Con todo, gozaba yo junto a mi ocasional amigo y confidente de esa especie de Harén de espejos multiplicados que se nos antojaba el más maravilloso lugar del mundo, aún no sacando más ventajas de ello que la pura y simple contemplación y consecuente ensoñación, adornadas, eso sí, por un trato afectivo y unas palabras reiteradamente amables cuando no explícitamente cariñosas. -¡Qué alegría el volver a verte! -¡Ya era hora de que vinieras a visitarnos! -¡No te olvides de nosotras!, etc. Sólo el verlas caminar, ir atareadas de una mesa a la otra, salir por una puerta una de ellas y volver a entrar por la misma otra muchacha casi idéntica pero distinta, con similar bamboleo de la ondulada melena cobriza agitada al ritmo del cadencioso paso, mientras avanzaba zigzagueante entre mesas y parroquianos repartiendo sonrisas, era una verdadera experiencia sensible que nos dejaba en suspenso el ánimo y la libido. Todo este goce inmediato de los sentidos nos fue alejando de nuestro verdadero objetivo, que era descubrir lo que se ocultaba detrás de esa multiplicación diversa de la mujer o familia original, como se producía, desde donde, y como era posible esa cada vez mayor asimilación del modelo inicial. Habíamos llegado a establecer que la principal fuente de aportación estaba vinculada a la oficina del INAEM situada enfrente, sin menosprecio de la captación de muchachas que aparecían allí por otras diversas razones, compras, paseos, trabajos próximos, o también por ser empleadas de servicios municipales o gubernamentales que ejercían su labor en el propio barrio y venían a tomar el desayuno.

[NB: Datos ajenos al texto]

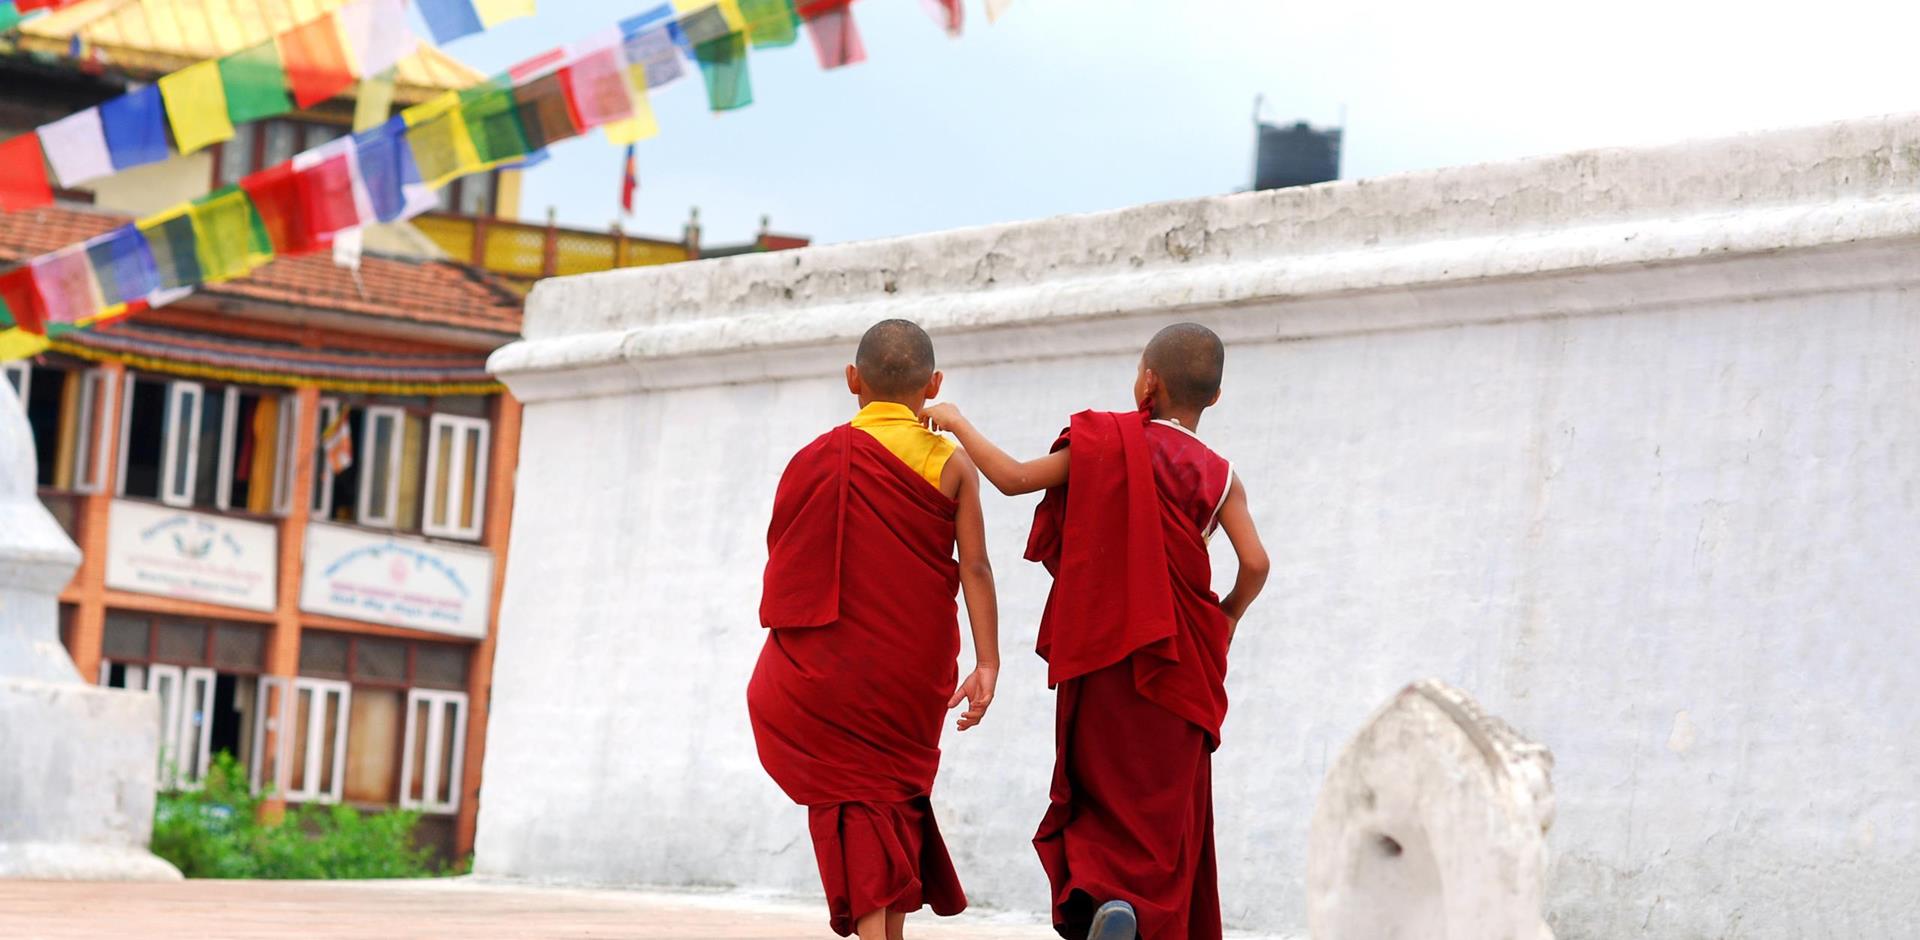 Tibet, Asia

A estas opciones se sumaba la personal cualidad física de la posible aspirante circunstancial, junto a una indudable capacidad de captación de la propietaria, jefa y líder de esta singular familia, que comenzaba por entablar devota relación con cada una de aquellas muchachas con el objeto de ir aquilatando y construyendo no sólo la viabilidad de una nueva y longeva cliente, sino su perfil de candidata a integrar ese particular gineceo de camareras. Y así como llegaban y se quedaban durante un tiempo, así también se daba el momento de partir y volver cada una a sus quehaceres, si eso era menester, o encontrar una hora y un día en que su presencia fuera posible sin alterar costumbres personales ni actividades habituales. Así, poco a poco, el desfile de muchachas parecidas incorporadas a la atención del Bar-Restaurante que iban y venían, o al final se despedían en medio de grandes muestras de cariño, se hizo interminable. Como eterno pero divertido, casi fantástico, se ha hecho para mí este año que llevo visitándolo, pasando largas horas en él acodado en la barra o sentado a una mesa estratégicamente situada, sólo o en compañía de mi anciano amigo, el único que al parecer comparte con la propietaria el verdadero secreto de toda esta historia. Sí, ¿pero cuál?
Si alguno de ustedes se interesa en conocerlo, o quiere ayudarme a desentrañarlo, ya sabe: Bar-Restaurante llamado de “Las Muchachas Parecidas”, calle de Guzmán el Bueno poco antes de llegar a Meléndez Valdés. Barrio de Argüelles, distrito de Chamberí, Madrid. Allí me encontraran.